Pour y arriver, l’Impact pourra compter sur un calendrier plus clément. Trois de ses quatre prochains matchs aura lieu à domicile, où il a calmement remporté ses deux derniers matchs. Après avoir passé la majeure partie du printemps dans ses valises, le onze montréalais profitera du retour du balancier dans les chauds mois estivaux.

« C’est un facteur qui a été très important pour nous, un de ceux qui ont été en notre défaveur, a reconnu Garde, tout en demeurant prudent. Bien sûr que les prochains matchs à la maison seront importants. Les matchs perdus contre Philadelphie et le Galaxy, ici à domicile, nous ont fait très mal. Maintenant, ce n’est pas parce qu’on joue à domicile qu’on empoche les victoires comme ça. Bien sûr que c’est un petit avantage, mais je crois qu’on doit d’abord se concentrer sur le contenu des matchs et continuer à être bien équilibrés, à bien défendre. »

Les mauvaises langues diront que l’Impact n’a rien fait pour se péter les bretelles en balayant une équipe d’Orlando en pleine déroute. Dans cette optique, son prochain test représente une réelle opportunité de clouer le bec aux sceptiques.

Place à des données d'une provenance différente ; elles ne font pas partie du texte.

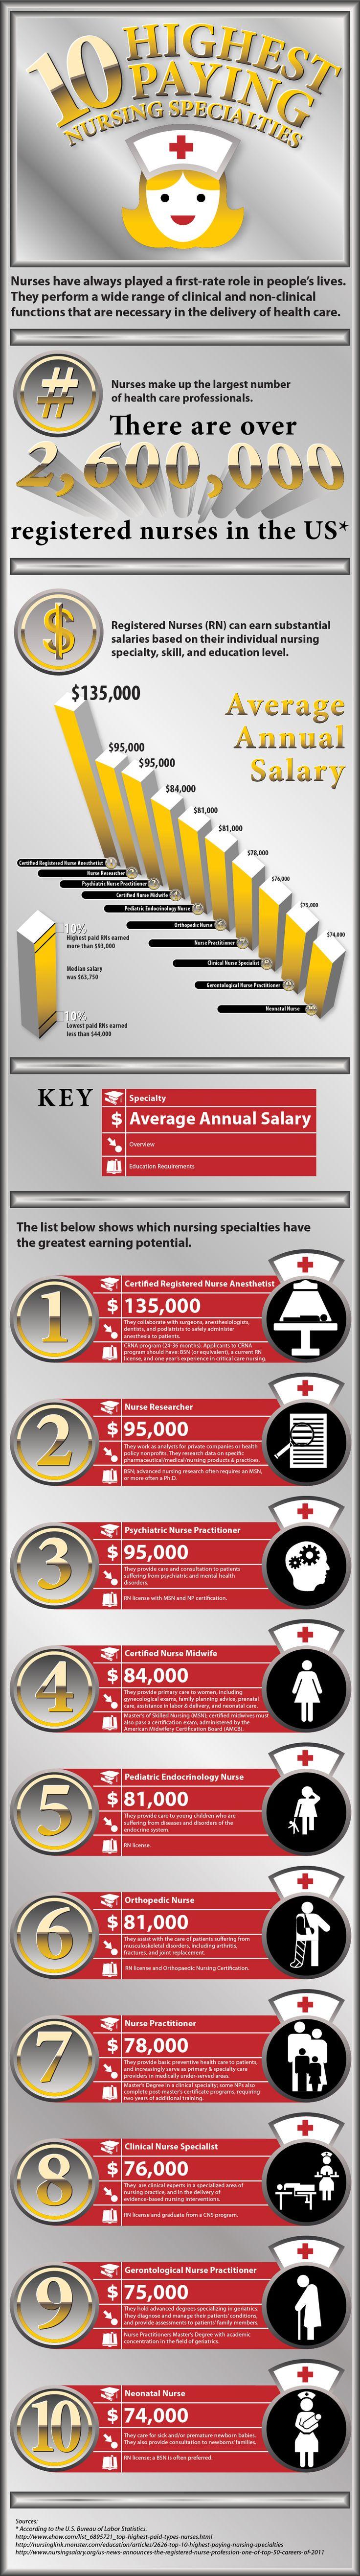 Top 10 Paying Nursing Specialties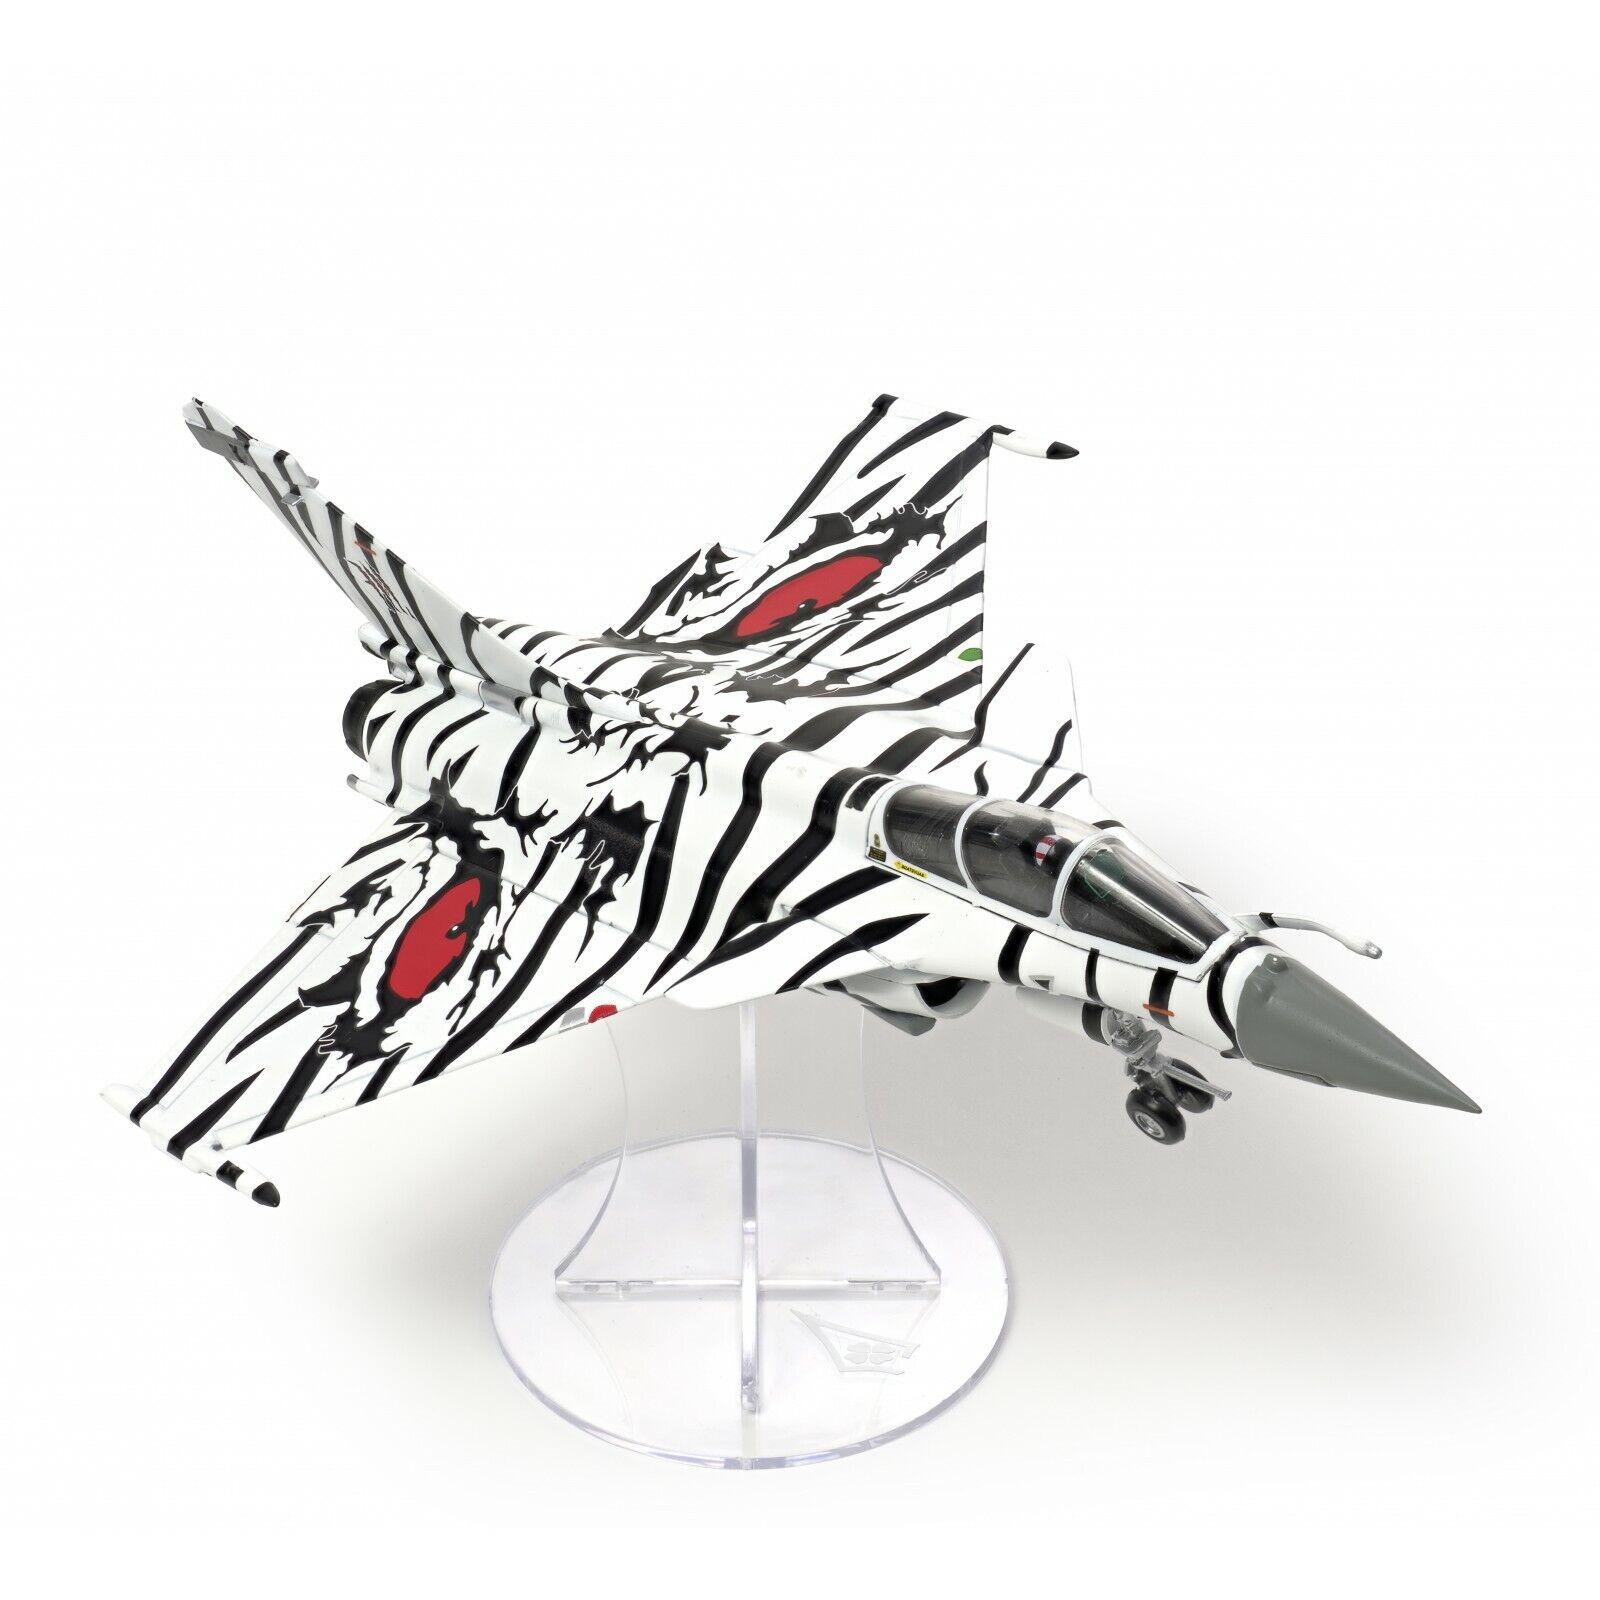 Avion Dassault Rafale M NATO Tiger Meet 2017 1 72 Neuf en boite miniature

Le Sporting Kansas City arrivera à Montréal en tant que leader du classement de l’Association Est. Il n’a subi que deux revers cette année. Samedi dernier, il a comblé un déficit de deux buts afin de renverse le Dynamo de Houston 3-2.

« Le championnat ne s’arrêtera pas samedi, mais c’est sûr qu’on va jouer une équipe dont la cote de confiance est inversement proportionnelle à celle d’Orlando, prévoit Garde. Kansas City n’est pas là par hasard, ils font un très bon championnat. Pour nous, ça sera l’occasion de tester notre résistance, notre niveau de jeu, notre envie d’aller de l’avant face à une bonne opposition. »

« On a eu des bonnes performances, des bons résultats dernièrement, mais on sait que ça peut se faire oublier assez vite en enchaînant des mauvaises performances », réalise Piette.